We report spectroscopic results from investigations of a novel solid polymeric fast-ion-conductor based on poly(acrylonitrile), (PAN, of repeat unit [CH₂CH(CN)]_n), and the salt LiCF₃SO₃. From NMR studies of the temperature and concentration dependencies of ⁷Li- and ¹H-NMR linewidths, we conclude that significant ionic motion occurs at temperatures close to the glass transition temperature of these polymer-in-salt electrolytes, in accordance with a recent report on the ionic conductivity. In the dilute salt-in-polymer regime, however, ionic motion appears mainly to be confined to local salt-rich domains, as determined from the dramatic composition dependence of the ionic conductivity. FT-Raman spectroscopy is used to directly probe the local chemical anionic environment, as well as the Li⁺-PAN interaction. The characteristic δ_S(CF₃) mode of the CF₃SO₃ ^- anion at ∼ 750-780 cm^-1 shows that the ionic substructure is highly complex. Notably, no spectroscopic evidence of free anions is found even at relatively salt-depleted compositions (e.g. N:Li ∼ 60-10:1).

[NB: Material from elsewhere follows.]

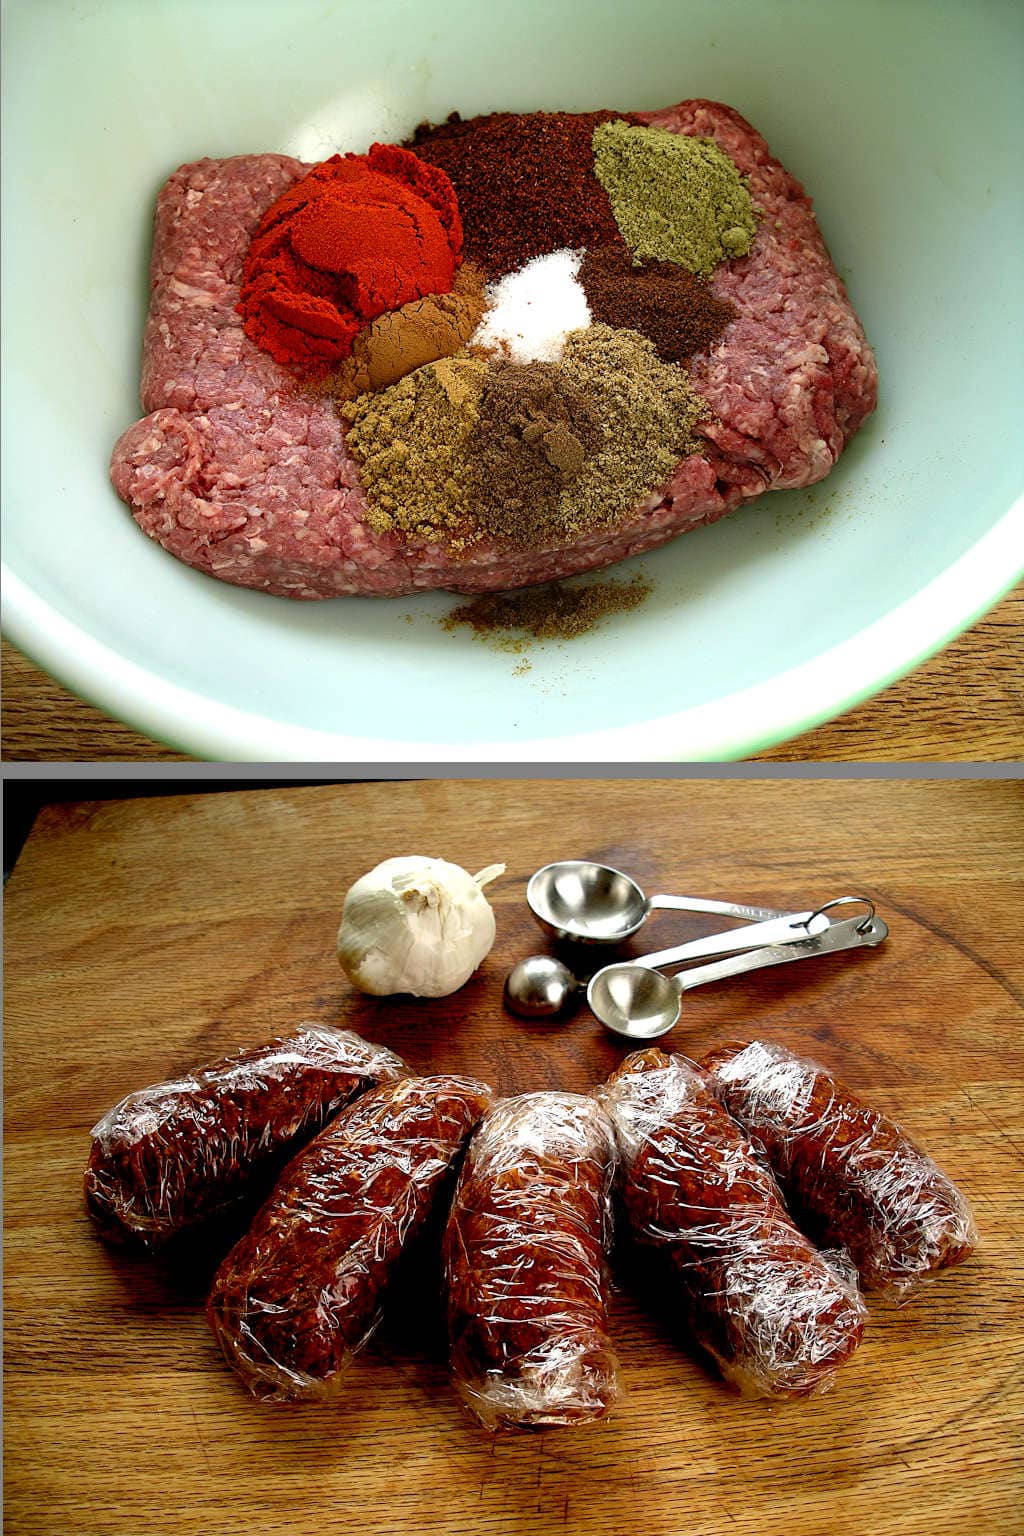 Ingredients for chorizo, top, and finished chorizo, bottom

A strong Li⁺-PAN interaction is manifested as a pronounced shift of the characteristic polymer CΞN stretching mode, found at ∼ 2244 cm^-1 in pure PAN, to ∼ 2275 cm^-1 for Li⁺-coordinated CΞN moieties. Our proton-NMR data suggest that upon complexation of PAN with LiCF₃SO₃, the glass transition occurs at progressively lower temperatures.